Let \(A\) be an elliptic self-adjoint partial differential operator of order \(k\) on a closed smooth manifold \(M\) of dimension \(m\). Let \(\bar\eta(A)\) be the mod \(\mathbb{Z}\) reduction of the eta invariant. If \(m+k\) is odd, then \(\bar\eta(A)\) is a homotopy invariant determined by the principle symbol. An interesting example in even dimensions is the eta invariant of the Dirac operator on a non-orientable pin\({}^c\) manifold; \(\bar\eta\) is non-trivial for this operator and plays an important role in the study of the pin\({}^c\) bordism groups.
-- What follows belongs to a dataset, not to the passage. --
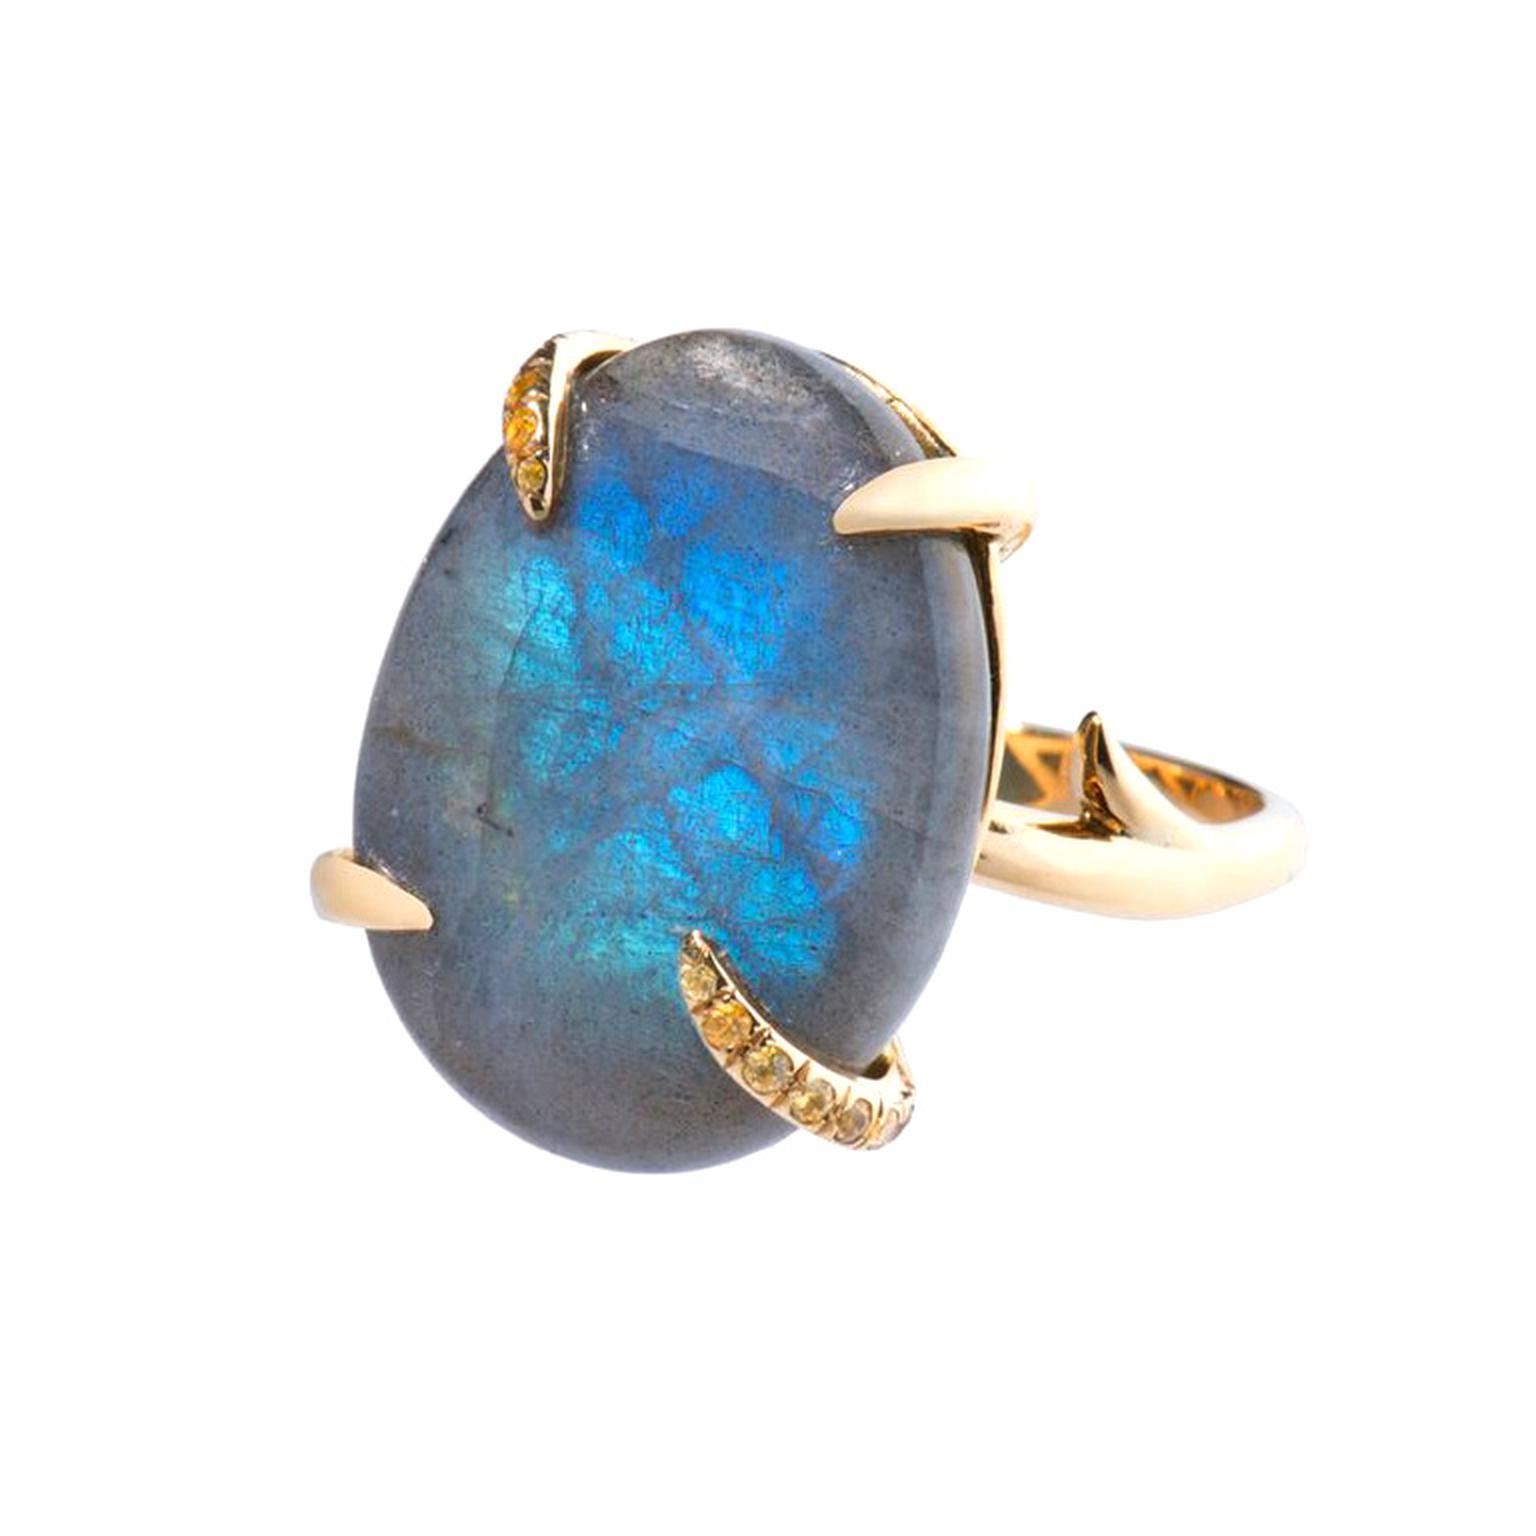 Gemstone trends: cool colours and cuts for 2016

It also plays an important role in the study of the Gromov-Lawson conjecture in the non-orientable context. However it remained an open problem to construct operators of even order with non-trivial \(\bar\eta\) on odd dimensional manifolds. In the present paper, the authors give a formula for \(\bar\eta\) if \(k+m\) is odd which is \(K\)-theoretic in nature. They show \(\bar\eta\) is \(2\)-torsion. They construct a second-order geometric operator on an odd dimensional manifold so that \(\bar\eta\) is non-trivial.